Das Genre der Murder-Mystery erlebte in den letzten Jahren einen ordentlichen Aufschwung. Während ein Kenneth Branagh sich an Adaptionen klassischer Agatha-Christie-Geschichten versuchte (und kläglich scheiterte), ging Rian Johnson noch einen Schritt weiter und verpasste dem in Fachkreisen Whodunnit genannten Rätselraten einen modernen Neuanstrich. Mit Erfolg: In „Knives Out“ bediente sich der ebenfalls für Sci-Fi-Filme wie „Looper“ und dem gleichermaßen kritisierten wie geliebten „Star Wars“-Ableger „Die letzten Jedi“ bekannte Regisseur an den etablierten Genre-Regeln und vermischte diese zu einem spannend-amüsanten Krimi-Cocktail. Der von Ex-007 Daniel Craig mit dick aufgetragenem Südstaatenakzent dargestellte Ermittler Benoît Blanc wird nun auf einen weiteren Fall entsandt. In bester Hercule-Poirot-Manier ist Blanc selbst der einzige zurückkehrende Charakter, das erneut schräge Kabinett an Figuren ist ein gänzlich neues und die Geschehnisse des Vorgängerfilms bleiben gar unerwähnt.
Nach dem herbstlichen Setting von „Knives Out“ entführt „Glass Onion“, benannt nach dem gleichnamigen Beatles-Song, das Publikum in sommerliches Terrain. Tech-Milliardär Miles Bron (Edward Norton) lädt seine engsten, ebenso steinreichen Freunde (u.a: Kathryn Hahn, Leslie Odom Jr., Kate Hudson) auf seine Privatinsel ein, um ihnen ein ganz besonderes Vergnügen zu bereiten. In seinem gigantischen Anwesen, dessen Antlitz eine schwer überschaubare, gläserne Zwiebel ziert, sollen sie seinen eigens inszenierten Mord aufklären. Als Überraschungsgast taucht plötzlich jedoch auch Top-Detektiv Benoît Blanc in der Villa auf. Das eigentlich als Spiel geplante Vorhaben nimmt einige unerwartete Wendungen.

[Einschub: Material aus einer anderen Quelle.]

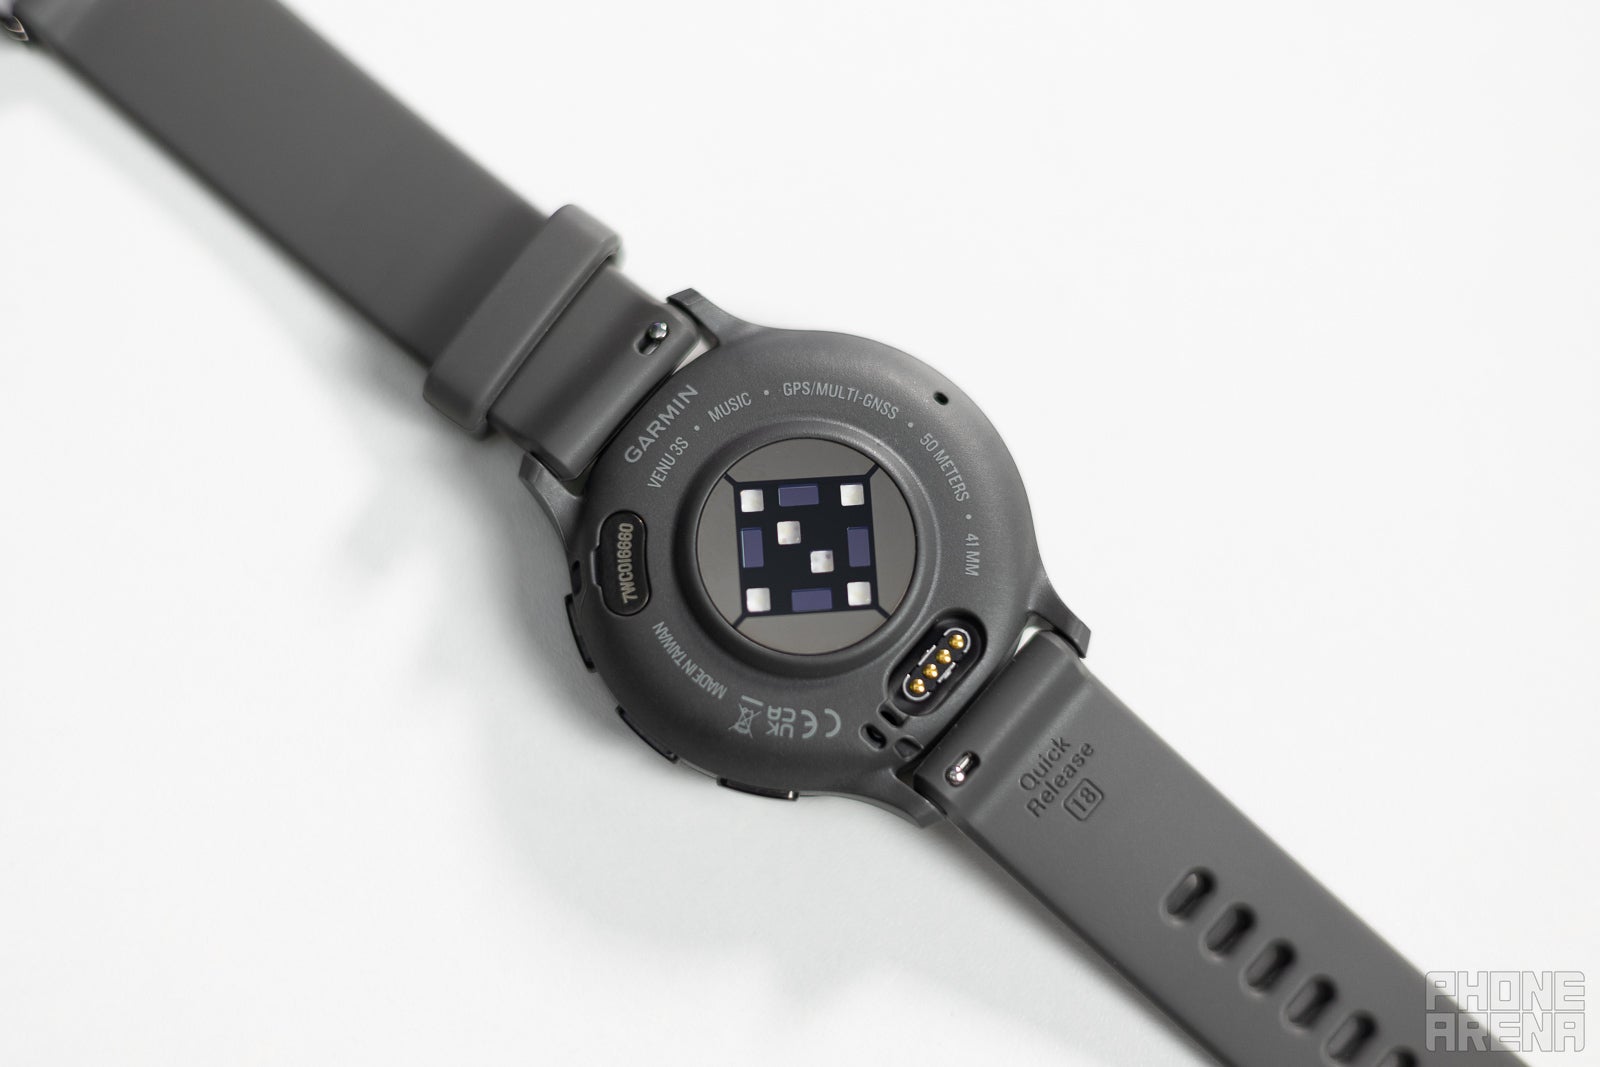 Garmin Venu 3: Review Features, Price, Availability, and More

Im Gegensatz zum Vorgänger ist der allgemeine Ton diesmal weniger ernst und noch eine ganze Spur überzogener. Und das ist gut so: In Anbetracht der nahezu unglaubwürdigen Verhaltensweisen realer Vorbilder, die man sich hier zur Zielscheibe genommen hat, ist der cartoonhafte, satirische Ansatz überaus passend und treffsicher. Darüber hinaus wirken gewisse Figurenzeichnungen nahezu prophetisch. Während der egozentrische Gastgeber an Tech-Megalomanen á la Musk und Zuckerberg angelehnt wirkt, erinnert das von Ex-Wrestler Dave Bautista amüsant verkörperte Abziehbild eines toxisch-männlichen Internetkults an den unlängst festgenommenen YouTuber Andrew Tate. Doch auch abseits der amüsanten Reichenkarikaturen trifft die Krimikomödie den Zahn der Zeit. Von vorne bis hinten mit spezifischen Referenzen über Promiverehrungen, Cancel Culture, die Corona-Pandemie und diversen Internettrends gespickt, nimmt der Film den gegenwärtigen Zeitgeist gekonnt überspitzt aufs Korn.
Das eigentliche Mysterium bleibt jedoch weitgehend Nebensache und ebendies ist letztlich der große Zaubertrick von „Glass Onion“. Zuschauer werden von all dem Glitzer und Glamour rundherum derart kontrolliert an der Nase herumgeführt, dass das Offensichtliche lange Zeit übersehen wird. Dass unter dieser dichtbeschichteten Zwiebel letztlich eine relativ simpel-gestrickte Auflösung steckt, das ist der Geniestreich.
Bewertung: ★ ★ ★ ★ ★ (5/5)
"Glass Onion" ist auf Netflix zu sehen.